Uber’s 13 active U.S. lawsuits are listed below, obtained from U.S. court database Pacer.gov. The below lawsuits come from passengers, traditional taxi and limousine companies, and Uber drivers themselves:
- Wrongful death suit: Ang Jiang Liu et al v. Uber — San Francisco
- Regulatory complaints: Western Washington Taxicab Operators v. Uber — Seattle
- Regulatory complaints: Greater Houston Transportation Company v. Uber — Houston
- Regulatory complaints: Shahriar Noorparvar v. Uber — California Central District
- Regulatory complaints: Mazaheri v. Doe et al — Oklahoma City
- Regulatory complaints: Illinois Transportation Industry v. City of Chicago — Chicago
- Withholding tips: Ehret v. Uber — San Francisco
- Withholding tips: O’Connor v.
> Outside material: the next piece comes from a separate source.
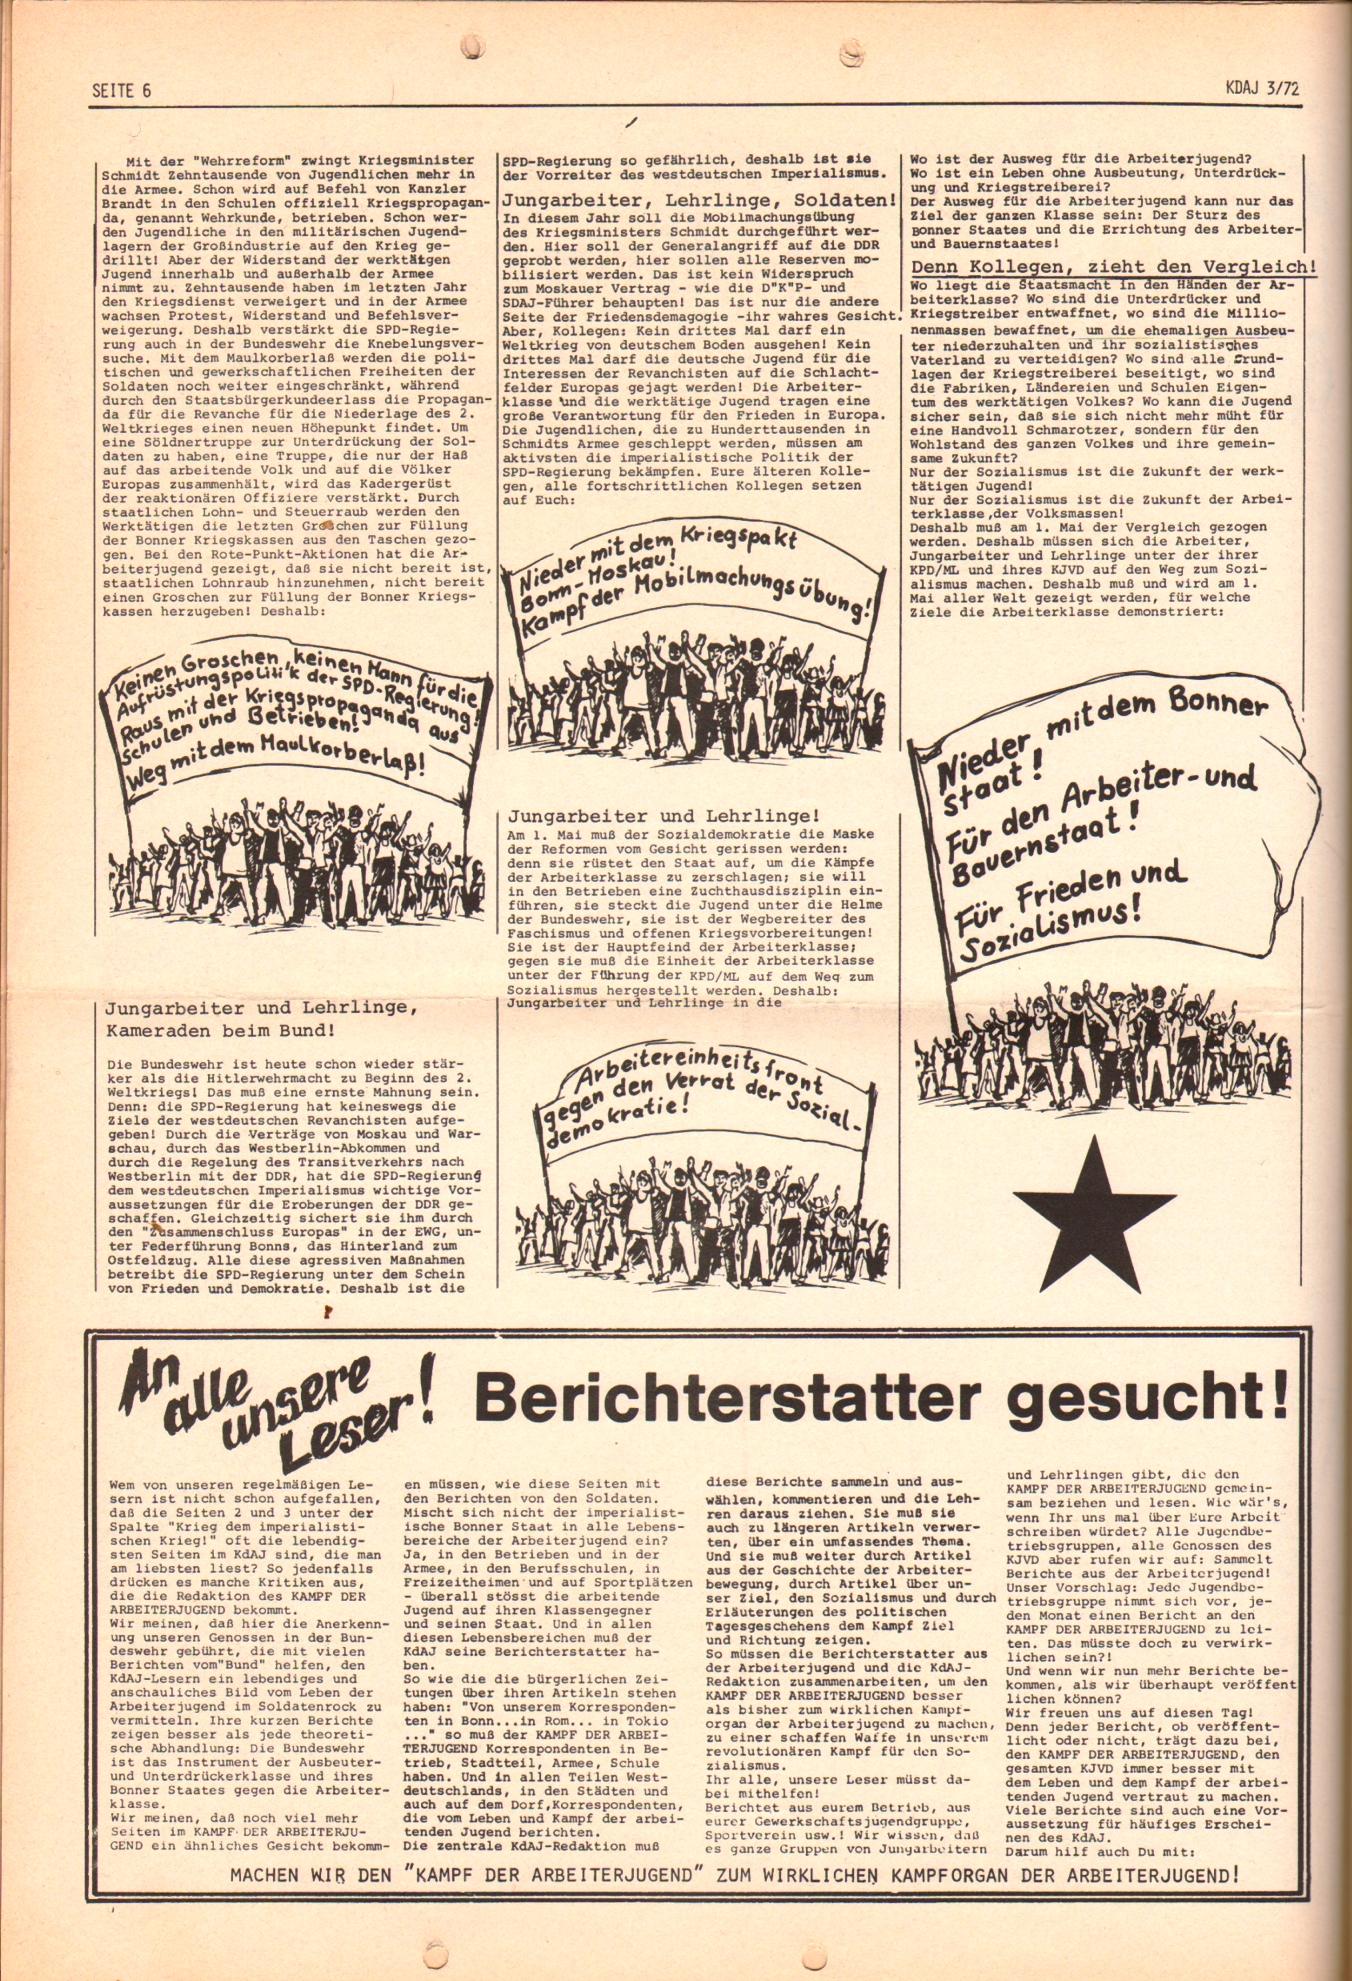 KDAJ, 3. Jg., April 1972, Nr. 3, Seite 6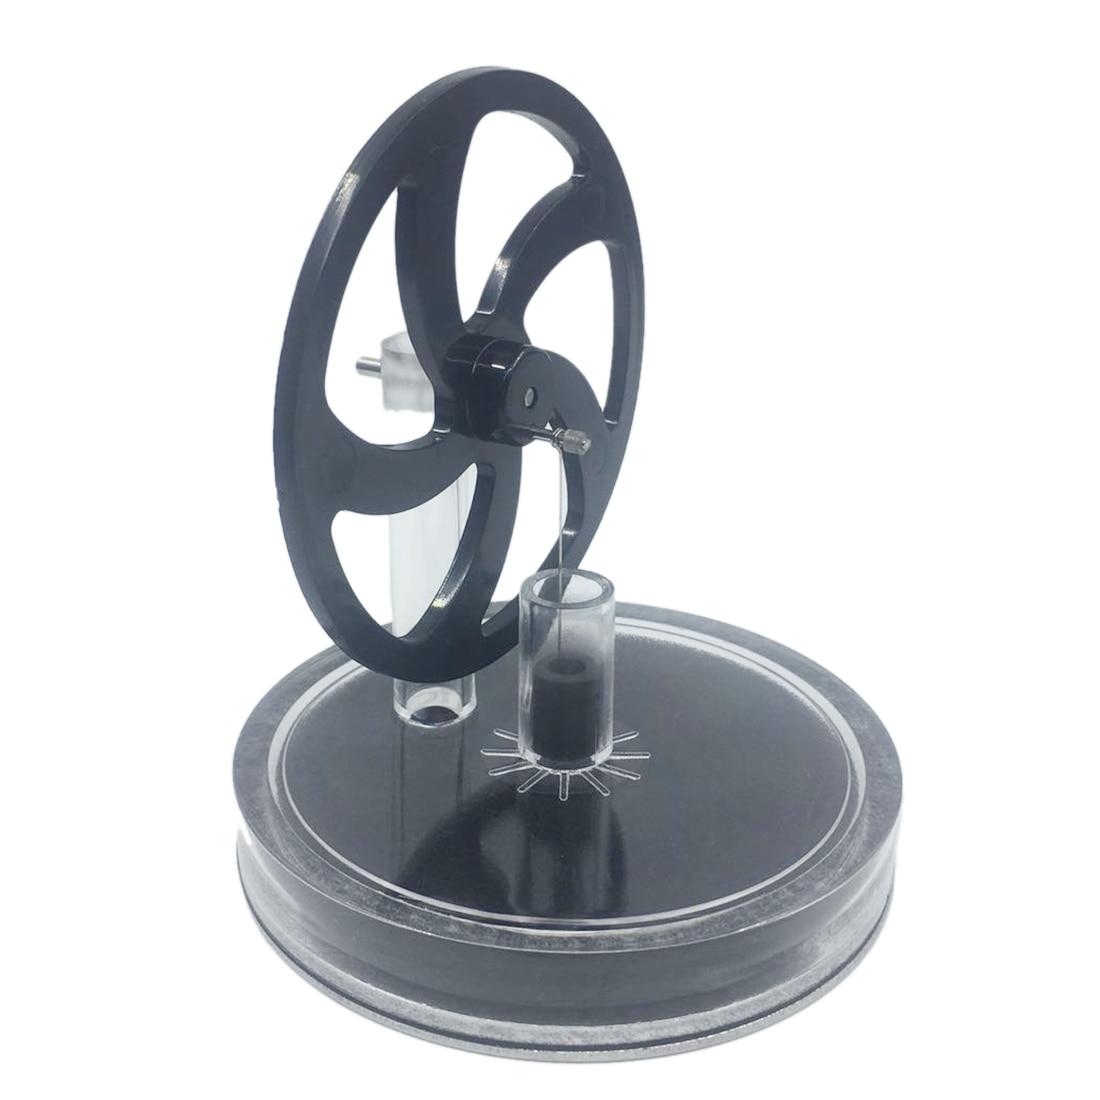 NFSTRIKE Low Temperature Stirling Engine model building kits for adult model building toys hobbies

Uber — San Francisco
- Regulatory complaints: Boston Cab Dispatch v. Uber — Boston
- Regulatory complaints (demand of $10M ): Manzo v. Uber — Chicago
- Insurance: Landmark Insurance Company v. Uber and Yellow Group — Illinois
- Insurance (related to #11): Landmark Insurance Company v. Uber and Yellow Group — Illinois
- Regulatory complaints: Yellow Group v. Uber — Illinois
What we have now is a pile-on. At best it will disincentivise Uber to innovate and bog it down for years in legal limbo. At worst, it will kill off Uber and suffocate its competitors along with it, including Lyft and Sidecar.
According to Silicon Valley legend Marc Andreessen, Uber’s software “eats taxis.” But for Uber chief Travis Kalanick, these conflicts are just par for the course.
This is what happens when you destroy an antiquated system. Unless that system destroys you first.